▶ _PROBLEM DESCRIPTION_
Your answer should be the lines below from the one with "Letter of Intent to" to the one with "1454 Hot water", both included, given again exactly and with nothing added.

▶ _DATA_
————————

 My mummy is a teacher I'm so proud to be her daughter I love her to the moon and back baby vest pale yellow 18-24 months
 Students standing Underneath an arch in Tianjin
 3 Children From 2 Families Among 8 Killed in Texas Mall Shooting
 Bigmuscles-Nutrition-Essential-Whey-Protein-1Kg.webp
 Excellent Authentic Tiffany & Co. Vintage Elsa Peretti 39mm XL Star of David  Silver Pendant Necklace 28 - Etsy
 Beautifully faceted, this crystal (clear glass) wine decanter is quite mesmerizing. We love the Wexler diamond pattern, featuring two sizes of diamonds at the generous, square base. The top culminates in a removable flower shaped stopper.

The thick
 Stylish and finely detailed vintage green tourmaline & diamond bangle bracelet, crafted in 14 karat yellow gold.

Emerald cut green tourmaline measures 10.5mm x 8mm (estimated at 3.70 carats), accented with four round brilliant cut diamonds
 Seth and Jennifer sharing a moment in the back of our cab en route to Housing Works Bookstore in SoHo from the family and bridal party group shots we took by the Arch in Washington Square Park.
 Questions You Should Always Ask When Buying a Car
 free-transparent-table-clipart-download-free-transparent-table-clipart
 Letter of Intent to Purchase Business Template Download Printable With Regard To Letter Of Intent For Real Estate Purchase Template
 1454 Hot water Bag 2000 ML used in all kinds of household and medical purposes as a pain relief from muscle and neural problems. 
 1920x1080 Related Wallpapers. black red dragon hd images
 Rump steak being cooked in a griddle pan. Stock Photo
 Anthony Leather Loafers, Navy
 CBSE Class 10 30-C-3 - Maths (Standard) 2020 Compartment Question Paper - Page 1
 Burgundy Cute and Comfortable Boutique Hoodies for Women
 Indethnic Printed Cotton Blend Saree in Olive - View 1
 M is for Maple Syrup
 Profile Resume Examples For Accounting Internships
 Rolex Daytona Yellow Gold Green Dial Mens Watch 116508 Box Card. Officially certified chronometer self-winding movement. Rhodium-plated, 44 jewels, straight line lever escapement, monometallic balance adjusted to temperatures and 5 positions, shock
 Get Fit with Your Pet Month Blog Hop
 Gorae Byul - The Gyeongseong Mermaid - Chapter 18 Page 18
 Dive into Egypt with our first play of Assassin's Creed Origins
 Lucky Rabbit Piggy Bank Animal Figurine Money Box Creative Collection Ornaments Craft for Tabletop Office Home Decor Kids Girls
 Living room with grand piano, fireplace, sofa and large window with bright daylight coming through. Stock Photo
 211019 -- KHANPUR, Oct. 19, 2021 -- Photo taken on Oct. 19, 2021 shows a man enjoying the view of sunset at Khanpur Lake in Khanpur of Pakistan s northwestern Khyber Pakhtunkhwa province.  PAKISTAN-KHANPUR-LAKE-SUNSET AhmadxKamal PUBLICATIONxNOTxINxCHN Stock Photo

————————

▶ _EXERCISE ANSWER_
 Letter of Intent to Purchase Business Template Download Printable With Regard To Letter Of Intent For Real Estate Purchase Template
 1454 Hot water Bag 2000 ML used in all kinds of household and medical purposes as a pain relief from muscle and neural problems. 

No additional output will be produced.